Une mauvaise posture peut être due au doute, à la peur, à l’hésitation, à la culpabilité, à la honte ou à l’impuissance. Ou encore à d’autres attitudes émotionnelles forgées par l’expérience personnelle du monde, en fonction du type de sécurité que l’environnement a amené l’individu à considérer comme essentiel. Pour certains, le facteur crucial sera le manque d’affection ; pour d’autres, le manque d’approbation, de beauté physique, d’agressivité ou de force physique — le manque de telle ou telle chose que la personne a appris à considérer comme essentielle à son existence en tant qu’être humain.
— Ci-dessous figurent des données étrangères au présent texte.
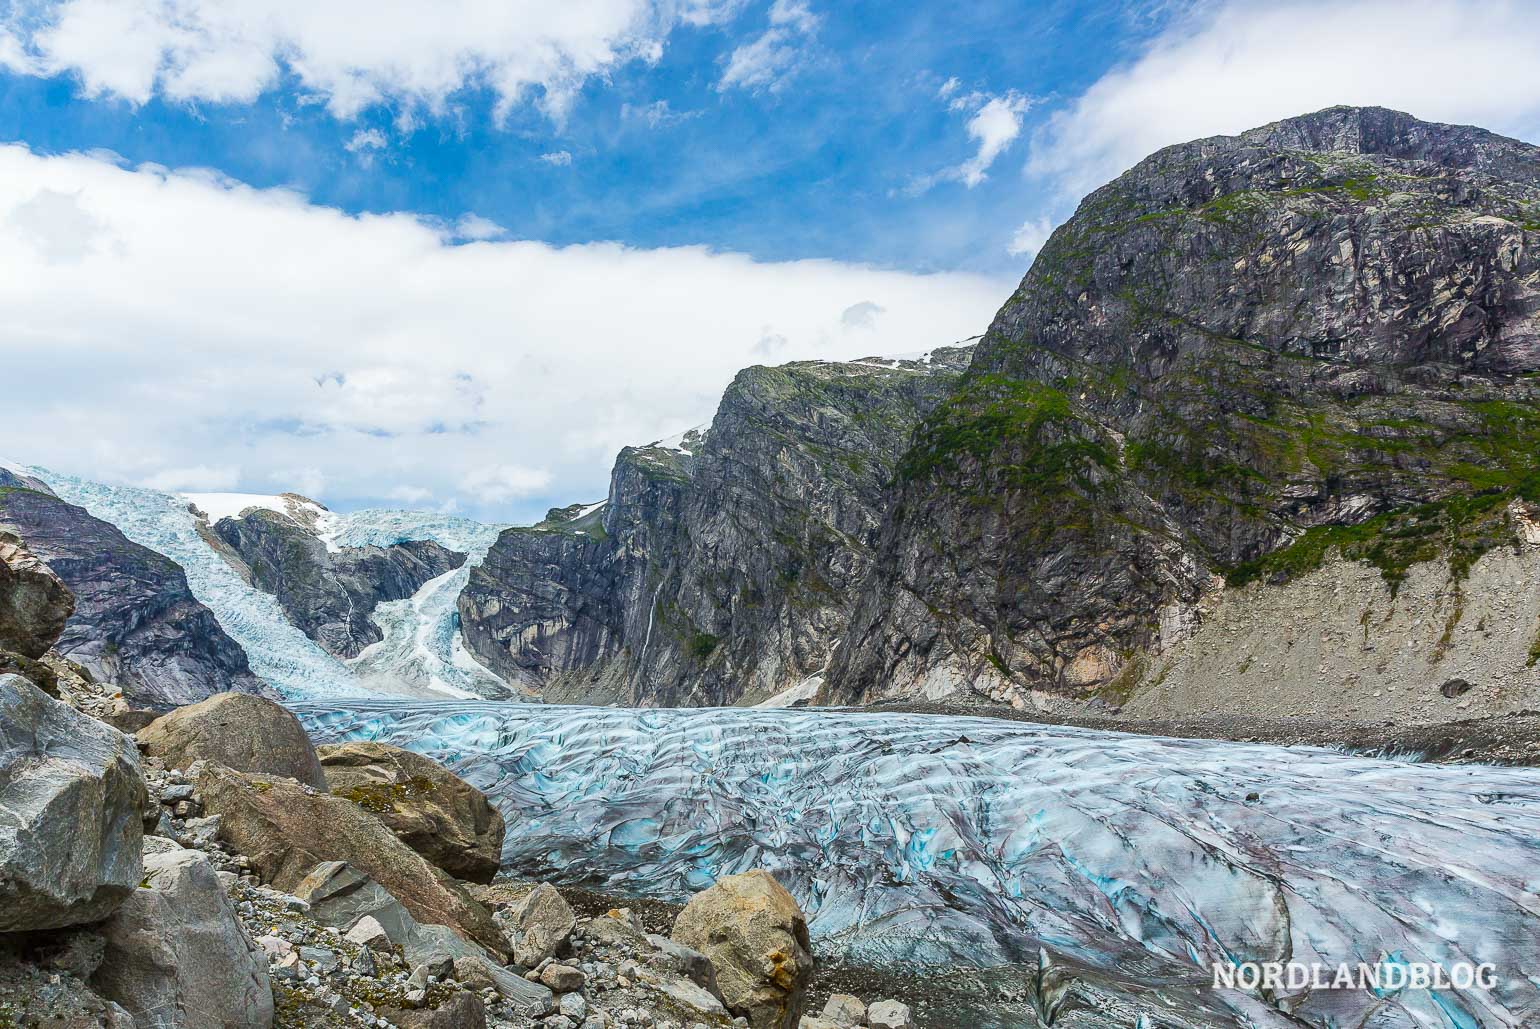 Wandern in Norwegen bedeutet auch eine Tour zu einem Gletscher, wie dem Austerdalsbreen zu gehen.

La posture réelle est compliquée par le fait que la plupart des gens prennent conscience d’une différence entre leur propre posture et celle de leurs idoles dès leur plus jeune âge, voire à l’adolescence. C’est généralement à ce moment-là que le processus de compensation et de dissimulation s’enclenche. Les adolescents remarquent les différences marquantes et tentent d’y remédier en adoptant une posture appropriée. Comme nous l’avons vu, aucune orientation volontaire ne peut corriger une mauvaise posture ; cependant, elle modifie l’apparence du corps, non pas en relâchant la contraction qui doit l’être, mais en en créant une autre à titre de compensation. Le segment change d’aspect et prend à peu près l’apparence qu’il devrait avoir, mais pas sans effort. Par une vigilance constante et des rappels à soi-même, on apprend à maintenir deux contractions contradictoires. Il en résulte une exclusion du mouvement dans les parties faisant l’objet d’une concentration consciente, une rigidité et une tension musculaire, une interruption de la respiration, etc. À la longue, ce schéma devient habituel, semi-automatique et familier au point d’être considéré comme sa propre nature, mais uniquement au prix d’une tension et d’un épuisement nerveux. Le schéma corporel formé sous l’effet d’un stress émotionnel est maintenu sans que l’on remette en question sa validité, et l’attitude émotionnelle est rétablie et entretenue par ce schéma corporel, en tant que partie intégrante de la situation globale, de sorte que la maturité émotionnelle à ce niveau est entravée. La personne se sent comme ensorcelée, car elle déploie souvent des efforts frénétiques pour se sortir de la stagnation léthargique dans laquelle son développement émotionnel s’est bloqué, pour finalement se retrouver à la case départ en raison de la réciprocité vicieuse que la situation globale a créée entre les schémas corporels et les émotions dans les centres supérieurs.